По сценарию моя безымянная дама с лисой (помните, как у Да Винчи «Дама с горностаем»?) должна напиться и приставать к сидящим у бара мужчинам с легкомысленным предложением. Внимание мое, естественно, остановилось на русском разведчике. Конечно, моя героиня не подозревает, что красавец-мужчина, скромно пьющий коньяк у стойки бара в центре Берлина, враг Третьего рейха! Только благодаря советской школе разведки Щтирлицу удается устоять против моих слов: «В любви я Эйнштейн!»
На одном из дублей Вячеслав Васильевич, вежливо меня попросил: «Вы могли бы не так сильно прислоняться щекой к моей спине? На мне мой личный костюм». Но я все время промахивалась. В кадре видно, как я виновато смахиваю пудру с тихоновского пиджака. По сценарию, после того как он посещает меня «начертить парочку формул», я стучалась на улице в стоящие машины и, качаясь на каблуках, говорила: «Ку-ку». Потом, вспомнив наказ Штирлица, в ожидании его чертила хвостом лисы формулы на асфальте. После съемок позвонила ассистентка Лиозновой и, захлебываясь от восторга, завопила: «Инка, это грандиозно!
Мы тебя вырезаем!» Эпизод с «Ку-ку!» действительно вырезали, посчитав, что он слишком смешон и может отвлечь зрителя от серьезной сцены встречи разведчика с резидентом.

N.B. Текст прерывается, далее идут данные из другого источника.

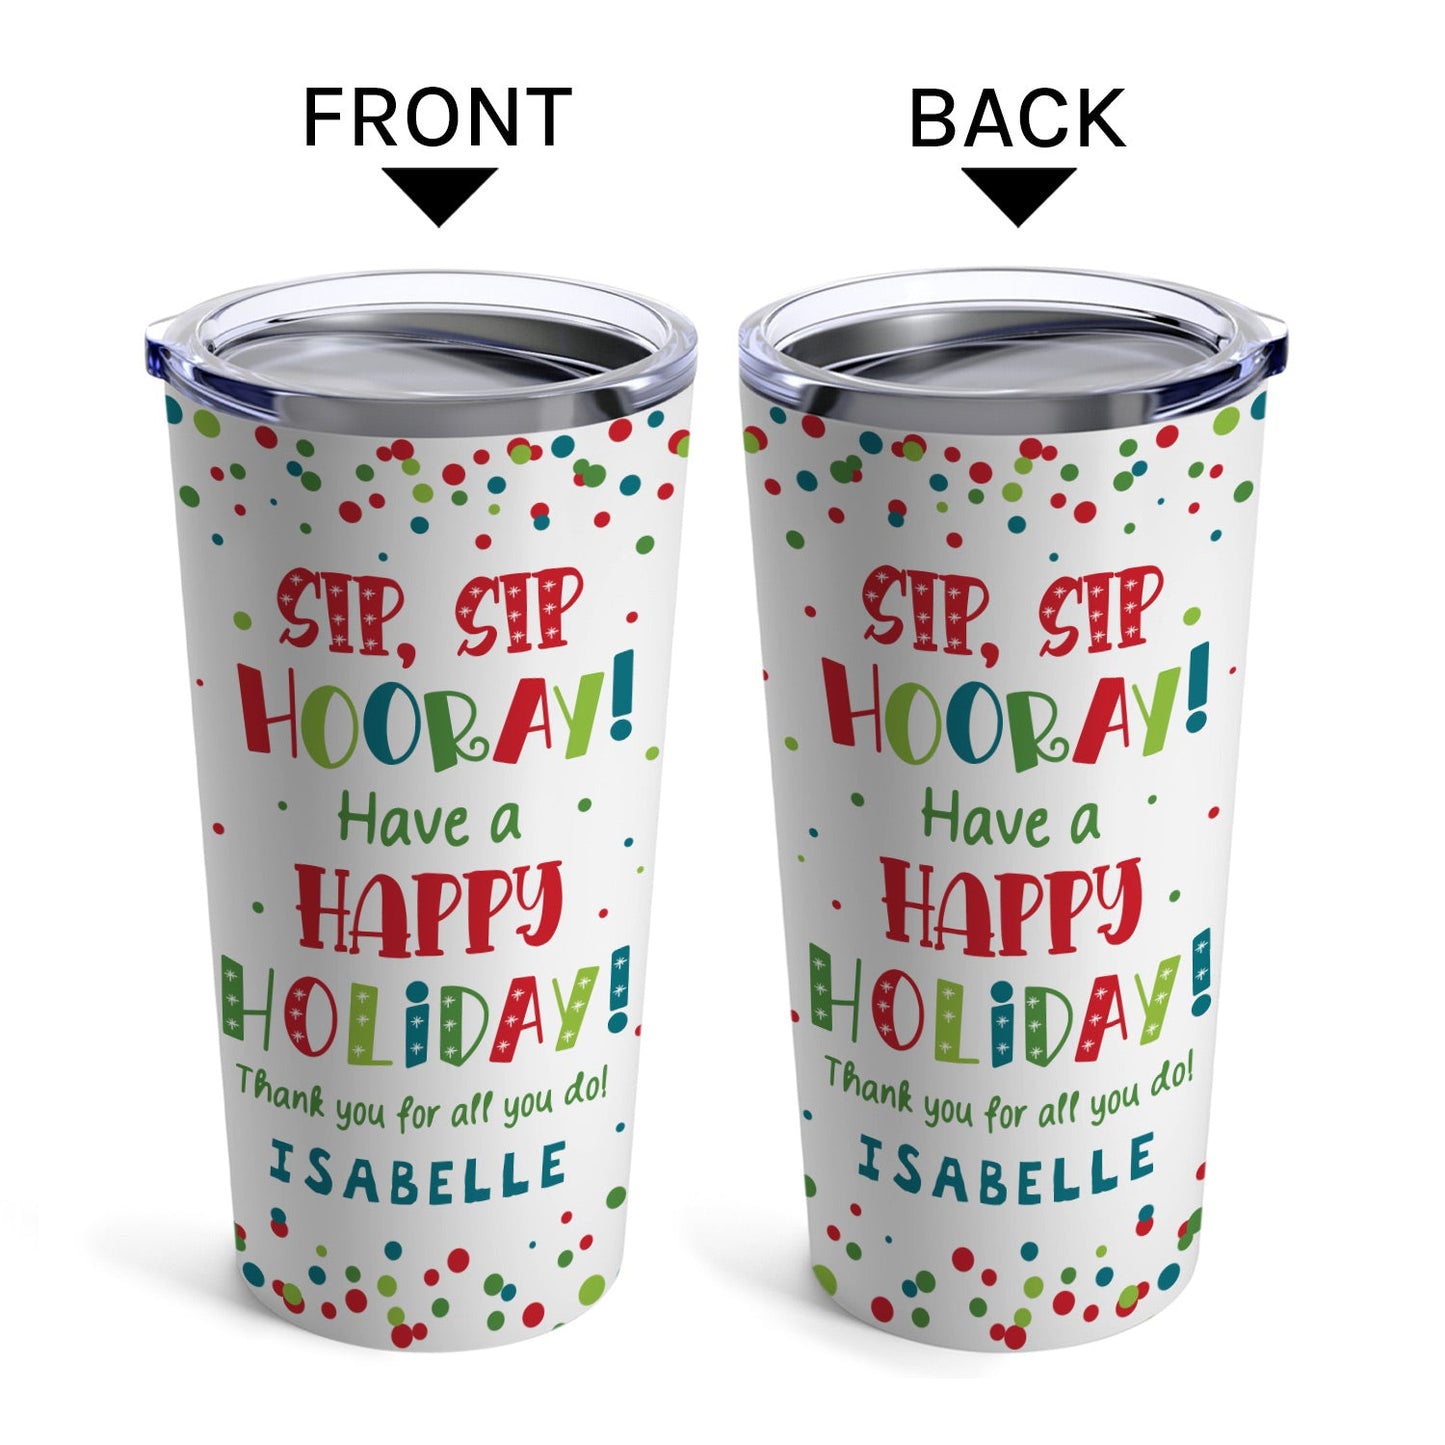 Sip, Sip Hooray. Have A Happy Holiday. - Personalized Christmas gift For Coworker or Employee - Custom Tumbler - MyMindfulGifts

Потом коллеги шутили: «Это было самое тяжелое мгновение в жизни Штирлица». Я же вам, как Юстас Алексу, признаюсь, что, несмотря на то что меня подрезали, на концертах мне всякий раз бурно аплодировали, вызывая недоумение у съемочной группы: «Всего два слова, а какой успех!» Я даже как-то шутя попросила, чтобы на моей могиле написали: «Дама с лисой».
Через двадцать лет мы снова встретились с Тихоновым на съемках «Утомленных солнцем», хотя вряд ли он запомнил ту странную даму с лисой, которая пачкала ему пиджак. Как-то снимали большой эпизод за столом на даче комбрига Котова. Было холодно, к тому же я сильно робела: ведь режиссер — сам Никита Михалков! Тихонов, который сидел рядом, заметил, что у меня трясутся руки, и посоветовал: «А вы коньячку хряпните, режиссер не заметит, ведь мы к нему спиной сидим». Я послушалась и так «на-хряпалась», что, когда пришлось обернуться к Михалкову, он всплеснул руками и закричал: «Стоп! У меня актриса пьяная!» За меня благородно заступился Вячеслав Васильевич, и нас обоих с позором выгнали из-за стола.
— Это правда, что в детстве вы жили в доме со знаменитыми артистами и именно это решило вашу судьбу?
— В 43-м, вернувшись из эвакуации в Москву, мы поселились в доме на Можайском шоссе. Моему папе, ответственному работнику угольной промышленности, выделили квартиру в одном из подъездов, принадлежавших Совету Министров. Три соседних подъезда занял возвратившийся из Ташкента практически весь цвет «Мосфильма». Мы с девчонками, играя во дворе, частенько замирали от восторга, завидев, как под руку с Герасимовым шествует в душистом облаке французского аромата красавица Макарова. С ними в немецкую трофейную машину иногда садился их приемный сын Артур.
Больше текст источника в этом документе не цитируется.